— WORK REQUIRED —
Search the data for the word "Pants" and copy every line that contains it.

Segment Start: ENTRIES SHOWN

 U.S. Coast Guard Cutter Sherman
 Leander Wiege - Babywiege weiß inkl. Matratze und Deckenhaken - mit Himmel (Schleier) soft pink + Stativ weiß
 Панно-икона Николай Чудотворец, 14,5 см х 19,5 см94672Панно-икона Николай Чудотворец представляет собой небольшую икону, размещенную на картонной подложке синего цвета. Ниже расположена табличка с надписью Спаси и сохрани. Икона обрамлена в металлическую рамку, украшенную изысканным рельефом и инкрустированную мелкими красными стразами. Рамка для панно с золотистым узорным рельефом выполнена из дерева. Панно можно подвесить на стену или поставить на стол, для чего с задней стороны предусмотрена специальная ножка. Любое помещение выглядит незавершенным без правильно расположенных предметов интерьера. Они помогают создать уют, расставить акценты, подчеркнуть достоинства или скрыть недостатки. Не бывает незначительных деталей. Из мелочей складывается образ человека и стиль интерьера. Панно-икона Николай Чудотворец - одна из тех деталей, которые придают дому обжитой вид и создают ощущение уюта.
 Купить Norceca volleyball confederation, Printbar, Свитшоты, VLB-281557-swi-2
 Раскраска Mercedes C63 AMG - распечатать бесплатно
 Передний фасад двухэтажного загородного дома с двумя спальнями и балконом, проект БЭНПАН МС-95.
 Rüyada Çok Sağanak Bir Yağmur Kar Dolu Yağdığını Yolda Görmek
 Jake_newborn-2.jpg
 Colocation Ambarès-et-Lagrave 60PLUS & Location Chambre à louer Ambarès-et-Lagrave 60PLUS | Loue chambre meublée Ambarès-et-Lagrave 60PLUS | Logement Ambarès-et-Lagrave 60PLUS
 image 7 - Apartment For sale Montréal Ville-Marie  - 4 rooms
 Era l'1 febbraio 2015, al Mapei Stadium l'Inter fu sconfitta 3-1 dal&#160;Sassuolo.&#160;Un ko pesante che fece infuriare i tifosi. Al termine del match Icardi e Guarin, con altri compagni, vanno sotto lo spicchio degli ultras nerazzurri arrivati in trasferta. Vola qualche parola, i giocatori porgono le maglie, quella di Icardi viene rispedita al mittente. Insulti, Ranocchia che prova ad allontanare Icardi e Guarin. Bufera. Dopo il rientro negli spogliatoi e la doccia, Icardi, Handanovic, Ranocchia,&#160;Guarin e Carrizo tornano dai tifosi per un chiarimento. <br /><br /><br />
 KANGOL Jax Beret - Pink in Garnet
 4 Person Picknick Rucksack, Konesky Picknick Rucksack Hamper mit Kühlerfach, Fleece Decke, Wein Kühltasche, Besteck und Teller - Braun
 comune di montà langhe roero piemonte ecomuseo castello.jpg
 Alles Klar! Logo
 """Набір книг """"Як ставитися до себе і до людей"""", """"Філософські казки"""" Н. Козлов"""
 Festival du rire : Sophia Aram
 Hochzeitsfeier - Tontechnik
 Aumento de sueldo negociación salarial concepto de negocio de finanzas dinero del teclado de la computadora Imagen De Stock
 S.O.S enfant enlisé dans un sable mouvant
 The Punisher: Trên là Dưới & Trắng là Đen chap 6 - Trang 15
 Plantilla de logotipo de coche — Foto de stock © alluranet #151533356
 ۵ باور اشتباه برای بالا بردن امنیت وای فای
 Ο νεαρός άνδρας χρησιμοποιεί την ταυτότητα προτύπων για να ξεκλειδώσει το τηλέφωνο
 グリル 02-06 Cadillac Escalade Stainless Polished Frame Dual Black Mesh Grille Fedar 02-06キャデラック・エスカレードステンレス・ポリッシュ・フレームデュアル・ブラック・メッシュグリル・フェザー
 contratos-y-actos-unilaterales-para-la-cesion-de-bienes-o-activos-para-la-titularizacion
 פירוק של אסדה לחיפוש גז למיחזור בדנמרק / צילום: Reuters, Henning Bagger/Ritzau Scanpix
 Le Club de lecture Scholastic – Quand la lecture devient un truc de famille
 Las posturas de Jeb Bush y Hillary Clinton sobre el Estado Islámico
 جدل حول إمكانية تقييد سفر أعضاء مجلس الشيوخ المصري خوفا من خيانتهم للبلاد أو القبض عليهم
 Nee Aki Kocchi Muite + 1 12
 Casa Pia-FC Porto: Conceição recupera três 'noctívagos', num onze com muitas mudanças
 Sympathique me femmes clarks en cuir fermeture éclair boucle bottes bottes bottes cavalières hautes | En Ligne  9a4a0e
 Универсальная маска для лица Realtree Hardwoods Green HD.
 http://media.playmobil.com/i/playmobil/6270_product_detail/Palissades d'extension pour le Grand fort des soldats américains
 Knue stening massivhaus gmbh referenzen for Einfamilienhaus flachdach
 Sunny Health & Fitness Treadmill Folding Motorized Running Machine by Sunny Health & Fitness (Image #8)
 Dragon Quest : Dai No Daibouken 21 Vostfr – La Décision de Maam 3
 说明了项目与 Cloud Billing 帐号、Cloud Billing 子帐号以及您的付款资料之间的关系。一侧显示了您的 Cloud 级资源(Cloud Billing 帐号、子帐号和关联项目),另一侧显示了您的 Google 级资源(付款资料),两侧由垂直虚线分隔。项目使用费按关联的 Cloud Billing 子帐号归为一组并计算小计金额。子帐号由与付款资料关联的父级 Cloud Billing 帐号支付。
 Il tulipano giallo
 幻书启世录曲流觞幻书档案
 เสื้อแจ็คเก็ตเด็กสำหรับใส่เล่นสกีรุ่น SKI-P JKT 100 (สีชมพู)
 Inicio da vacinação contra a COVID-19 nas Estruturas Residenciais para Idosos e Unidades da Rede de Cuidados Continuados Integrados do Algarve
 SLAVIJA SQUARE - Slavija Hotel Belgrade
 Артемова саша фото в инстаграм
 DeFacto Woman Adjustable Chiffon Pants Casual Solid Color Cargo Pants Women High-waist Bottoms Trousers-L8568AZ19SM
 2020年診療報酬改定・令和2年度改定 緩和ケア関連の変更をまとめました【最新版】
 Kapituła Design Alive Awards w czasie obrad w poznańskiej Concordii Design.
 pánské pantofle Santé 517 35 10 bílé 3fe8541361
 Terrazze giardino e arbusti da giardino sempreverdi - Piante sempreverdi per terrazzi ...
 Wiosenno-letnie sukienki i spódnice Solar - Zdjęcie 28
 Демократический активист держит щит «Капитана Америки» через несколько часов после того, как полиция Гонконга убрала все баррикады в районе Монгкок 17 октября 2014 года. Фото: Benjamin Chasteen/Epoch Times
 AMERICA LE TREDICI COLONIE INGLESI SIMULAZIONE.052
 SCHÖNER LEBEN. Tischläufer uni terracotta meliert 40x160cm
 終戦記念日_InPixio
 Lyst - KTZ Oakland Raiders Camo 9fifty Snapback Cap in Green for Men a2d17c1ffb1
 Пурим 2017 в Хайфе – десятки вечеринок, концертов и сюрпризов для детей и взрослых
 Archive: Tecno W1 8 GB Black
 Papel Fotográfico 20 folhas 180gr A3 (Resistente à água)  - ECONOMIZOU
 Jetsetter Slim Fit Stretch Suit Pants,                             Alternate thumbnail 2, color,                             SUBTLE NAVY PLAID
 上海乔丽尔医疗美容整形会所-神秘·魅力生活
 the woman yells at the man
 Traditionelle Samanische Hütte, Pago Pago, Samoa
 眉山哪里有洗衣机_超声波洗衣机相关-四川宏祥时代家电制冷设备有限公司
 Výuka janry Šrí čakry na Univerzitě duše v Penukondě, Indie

Segment End: ENTRIES SHOWN

— FINISHED EXERCISE —
 DeFacto Woman Adjustable Chiffon Pants Casual Solid Color Cargo Pants Women High-waist Bottoms Trousers-L8568AZ19SM
 Jetsetter Slim Fit Stretch Suit Pants,                             Alternate thumbnail 2, color,                             SUBTLE NAVY PLAID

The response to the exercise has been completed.